**DIRECTIONS FOR THIS TASK:** Copy the listing below exactly. Pictures stay out of it.

**MATERIAL PROVIDED:**
* * * * * * * * *

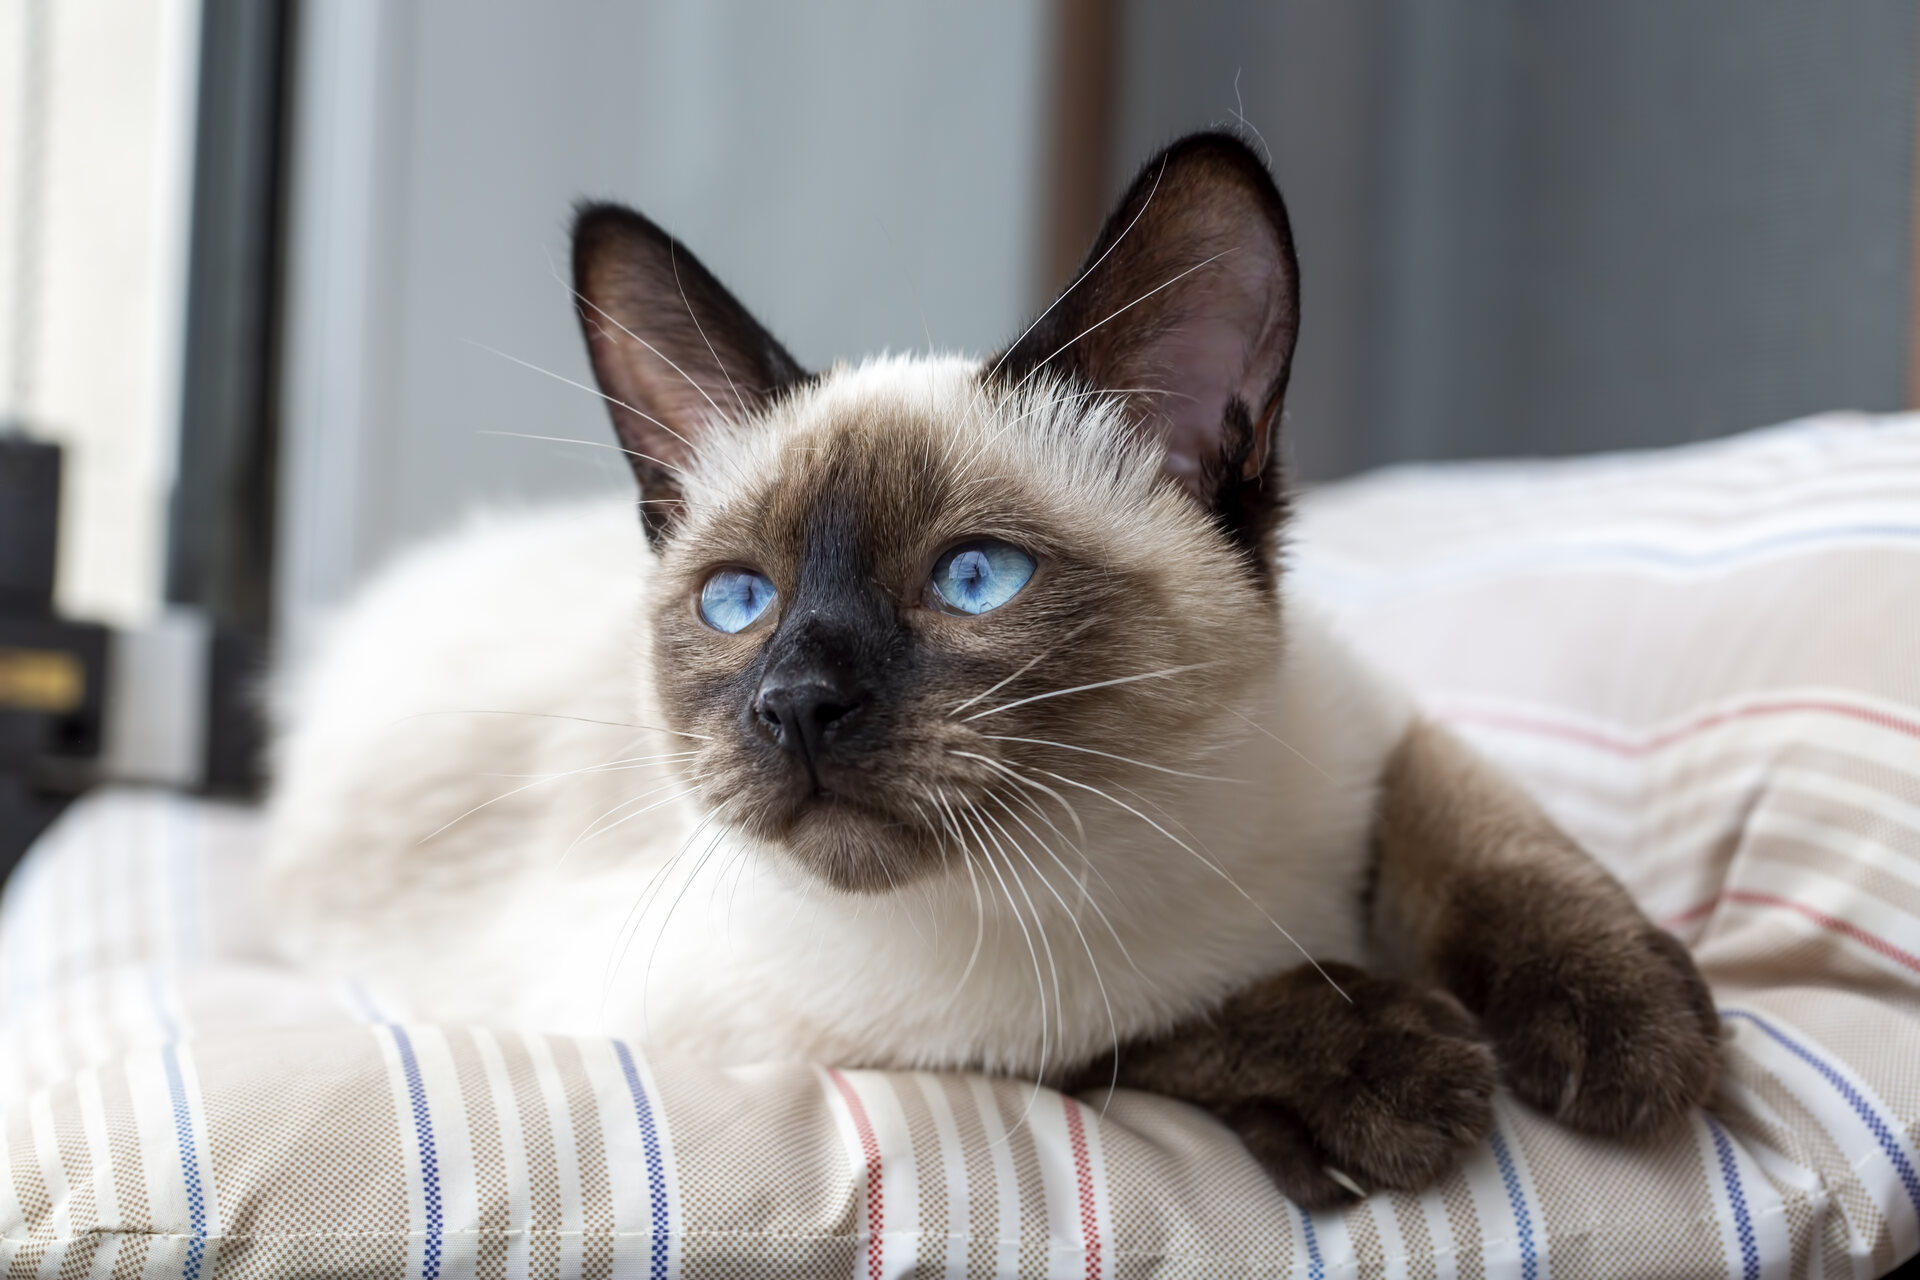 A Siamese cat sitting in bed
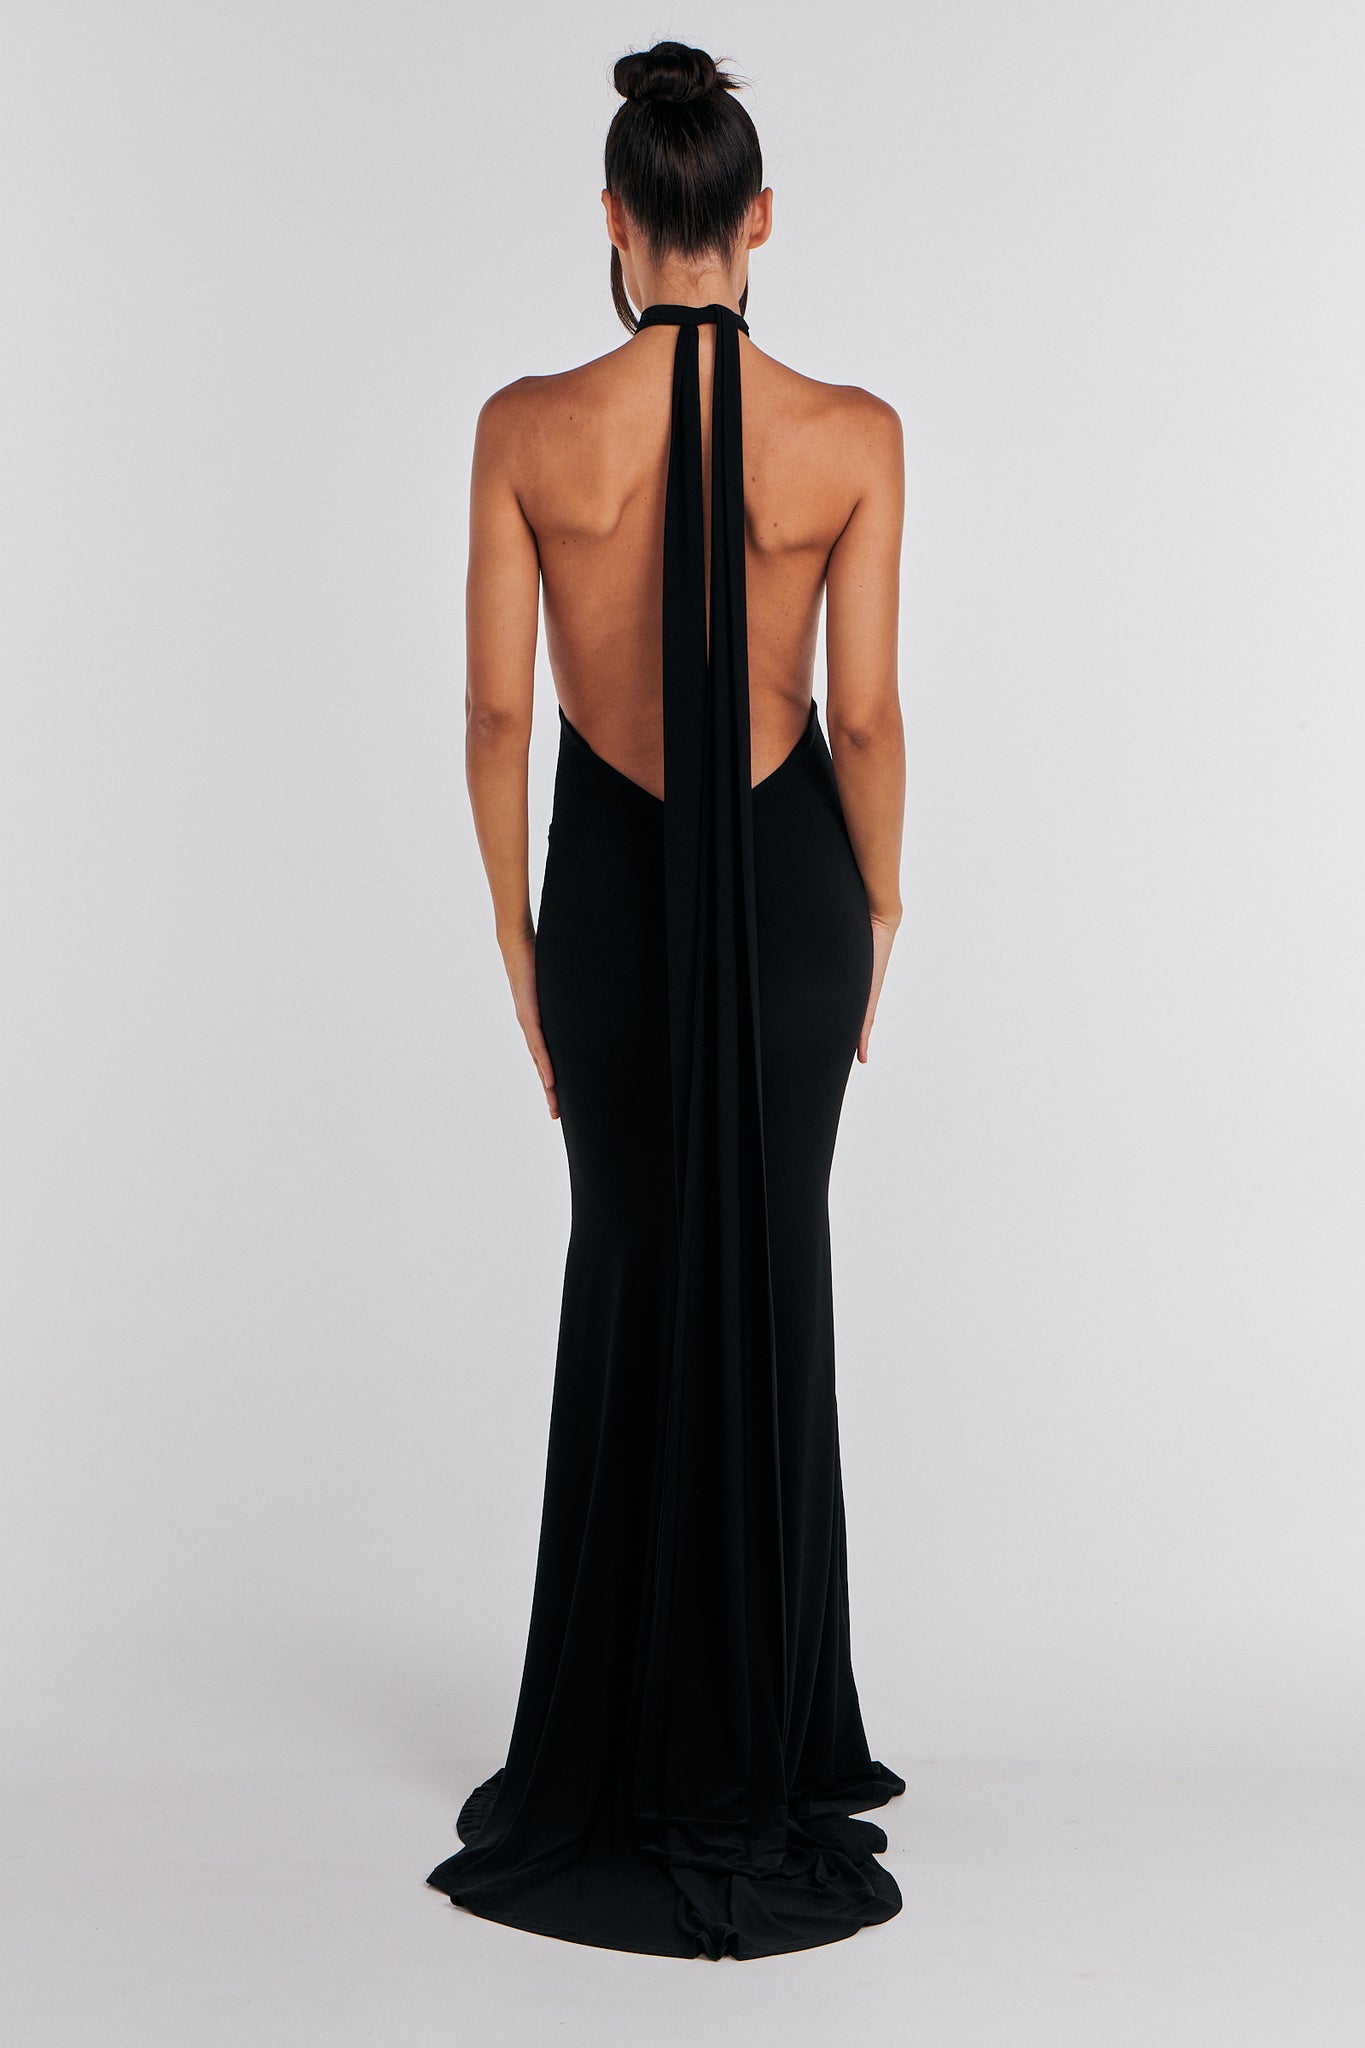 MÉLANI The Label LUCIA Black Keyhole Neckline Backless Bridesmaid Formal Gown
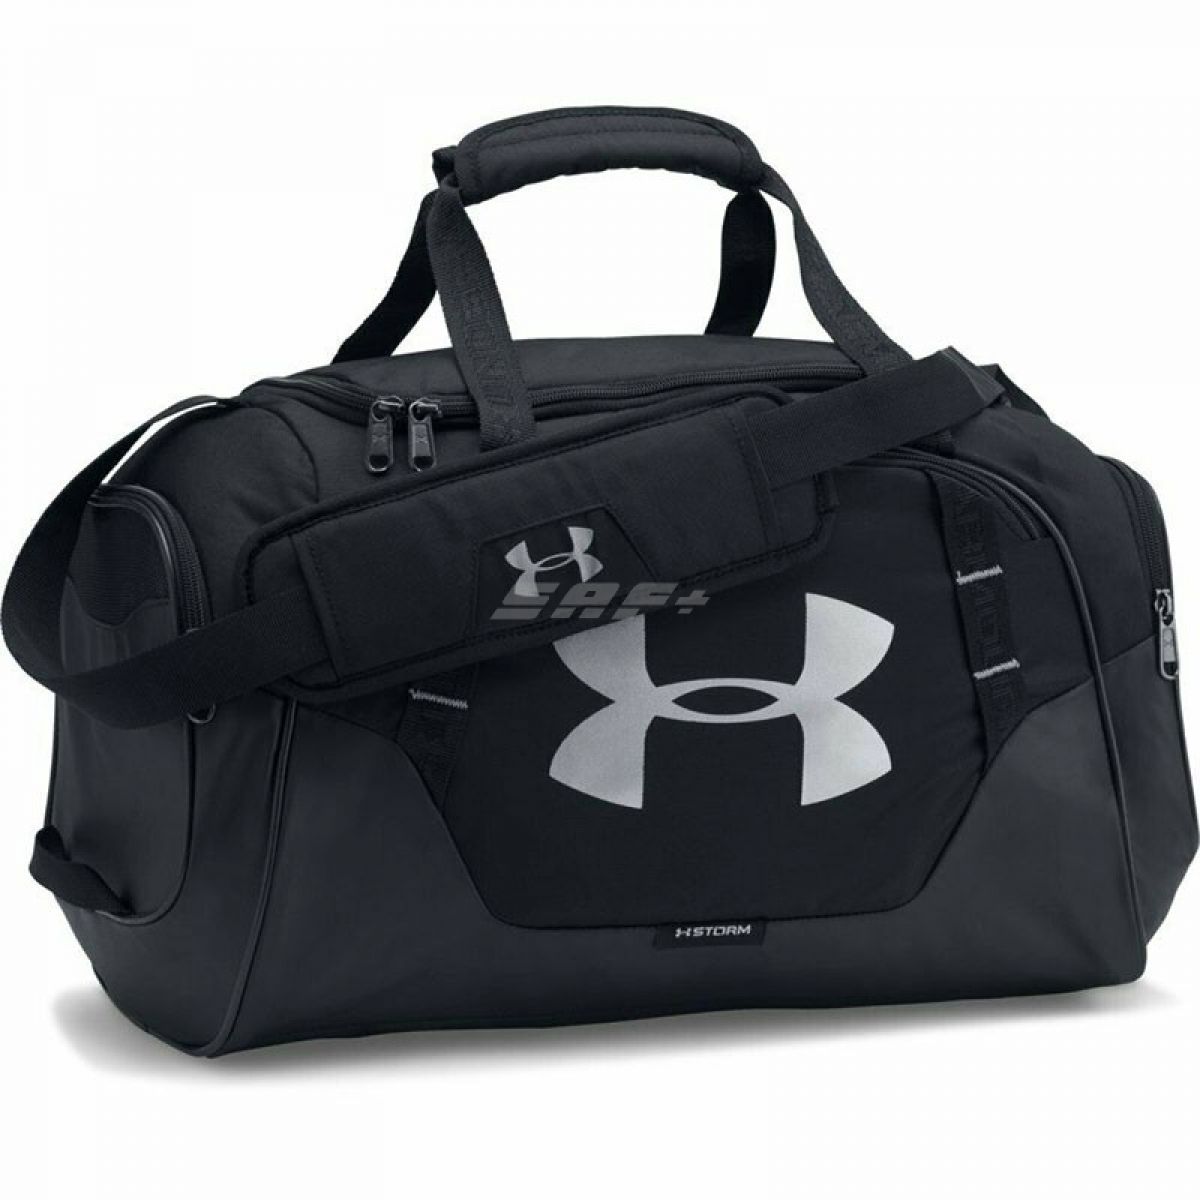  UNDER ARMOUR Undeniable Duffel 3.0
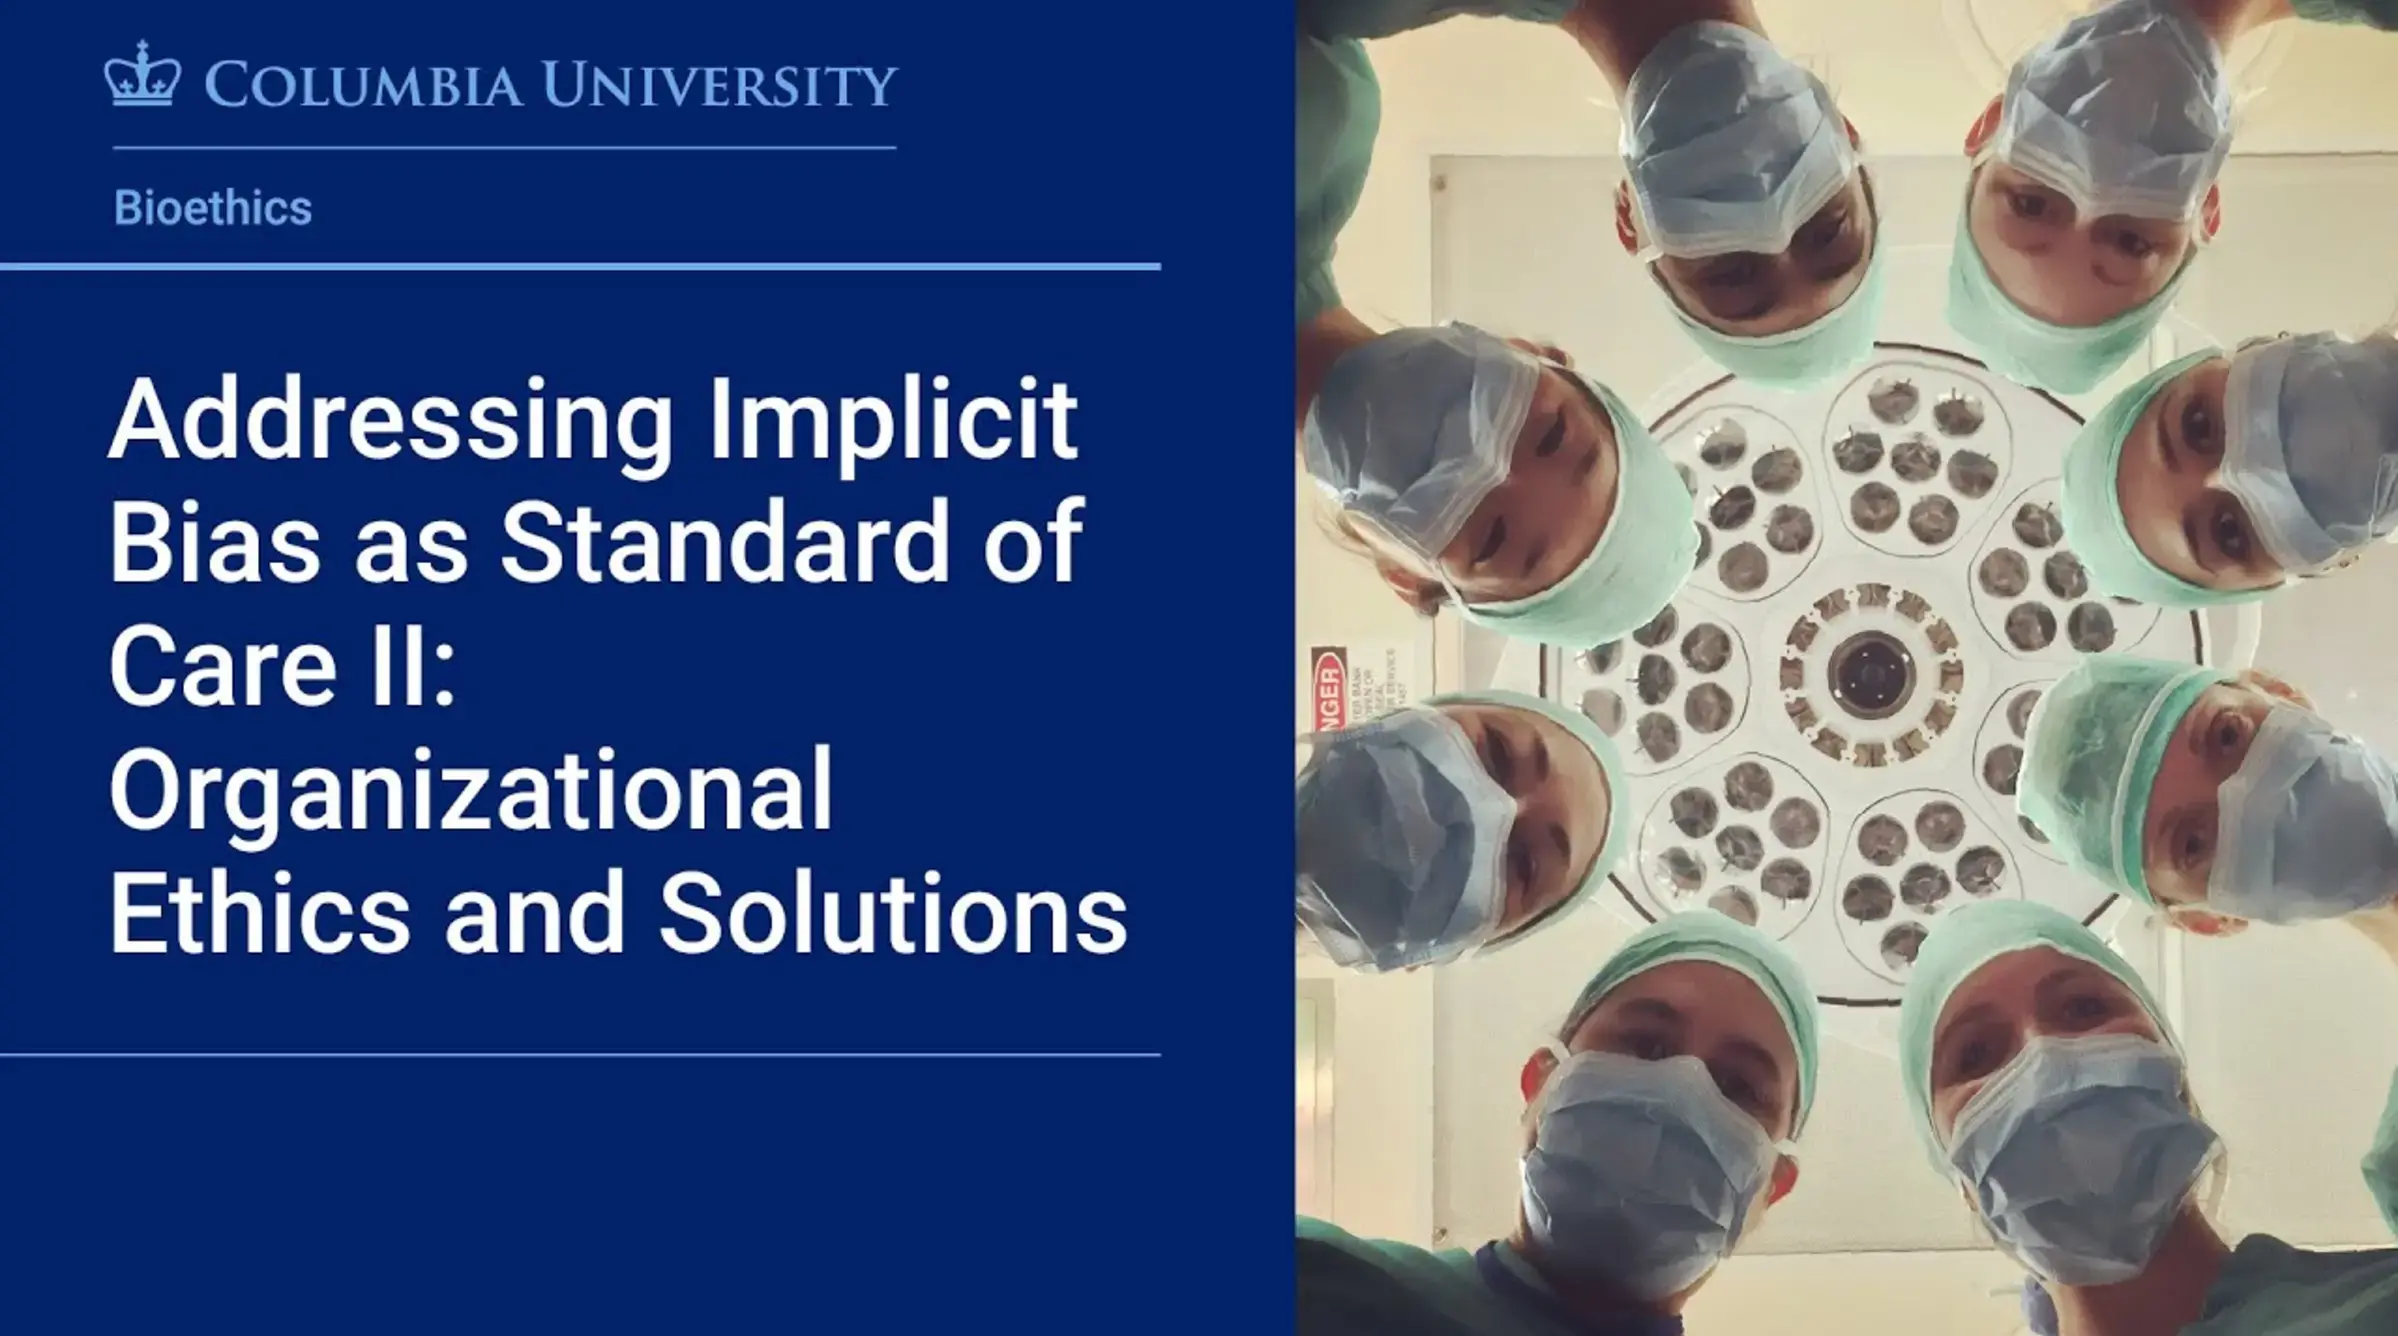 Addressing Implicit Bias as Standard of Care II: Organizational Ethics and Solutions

* * * * * * * * *

**RESPONSE AREA:**
 A Siamese cat sitting in bed
 MÉLANI The Label LUCIA Black Keyhole Neckline Backless Bridesmaid Formal Gown
  UNDER ARMOUR Undeniable Duffel 3.0
 Addressing Implicit Bias as Standard of Care II: Organizational Ethics and Solutions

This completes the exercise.